Right. So there’s the miracle stuff. And the God stuff. There’s a lot of God stuff. The Greens are believers. I’m not. So I struggled with another question: “What do I do with all this faith, when I firmly believe in a materialist existence that ends with death?” I take it, and despite myself, I ruminate on the mysteries of grace. Obviously, I don’t begrudge the Greens their faith, especially in a time of crisis. Like the game, the faith the Greens rely on is simple and beautiful, not pushy. It’s the faith of Job, and while it doesn’t give me solace, I do understand it. In that sense, That Dragon, Cancer is perhaps the most effective Christian game I’ve ever come across. It doesn’t attempt to proselytize, but it spreads the gospel in a way Left Behind or Super Bible Trivia or whatever could never hope for, because the Greens’ faith is based on hope, and love shines through the biblical platitudes that would make me roll my eyes in any other context. That’s the sort of faith I could stand to see more, and removing it from the game would make the whole experience lose its authenticity and its immediacy. My preferences aren’t germane.
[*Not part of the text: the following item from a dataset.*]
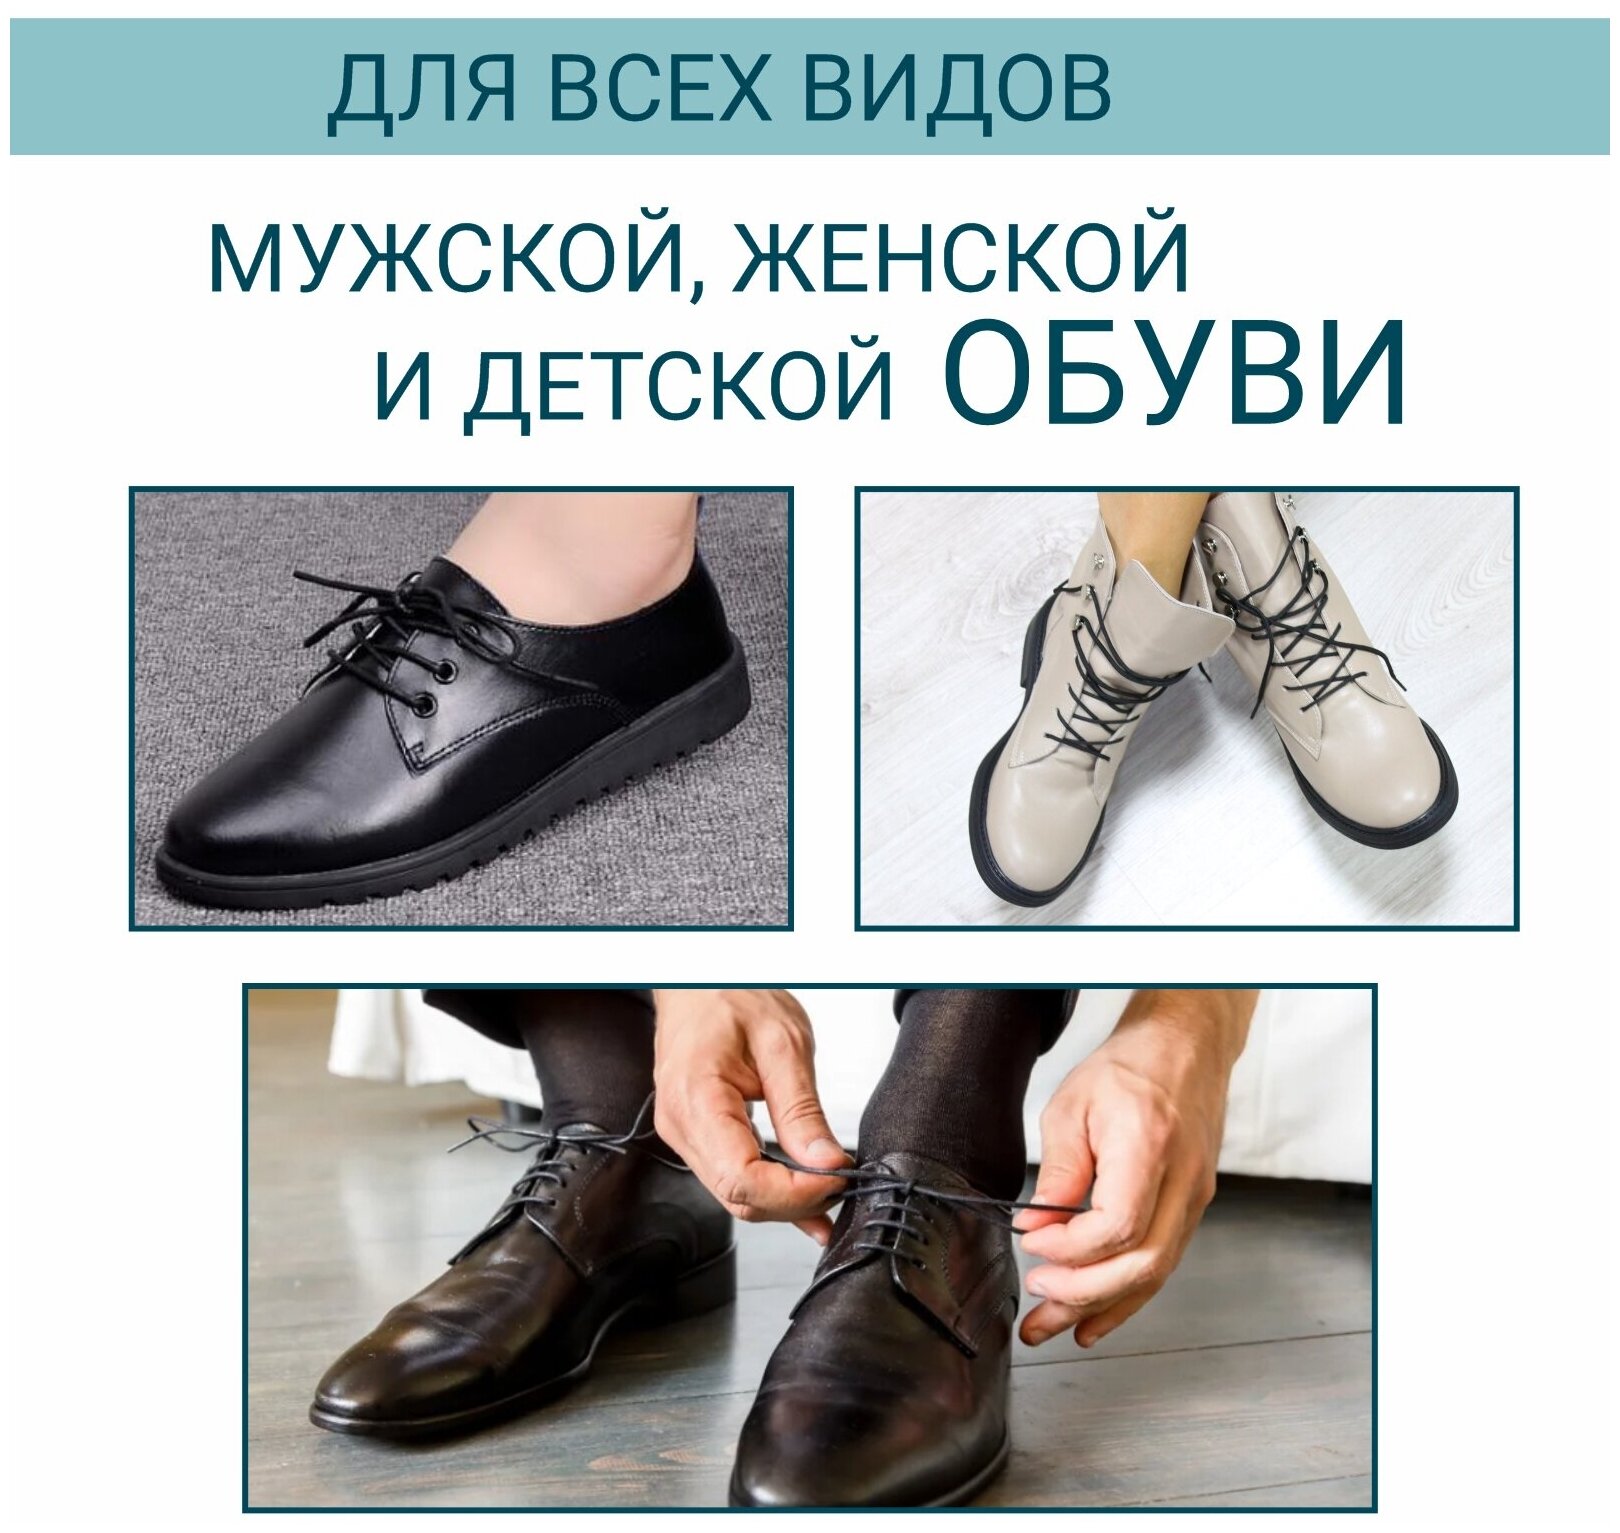 Шнурки для обуви GUIN Черные Тонкие Круглые 60 см, прочные шнурки для кроссовок, кед, ботинок, берцев с пропиткой, вощенные, универсальные - фотография № 5

Anyway, the game isn’t perfect. The controls can be clunky. There’s one spot where a bug forced me to restart a scene multiple times. In some scenes, there’s more to hear than there is to see. But these are niggling concerns. It’s tempting to dismiss them as the price of such a personal experience, but instead, I’ll say that they don’t matter. Like Joel, this game creates so many beautiful moments that focusing on the pain is missing the point entirely.
Buy it. Play it. Take your time, open your heart, and appreciate the pain and beauty the game offers in abundance. Life is too short to do otherwise.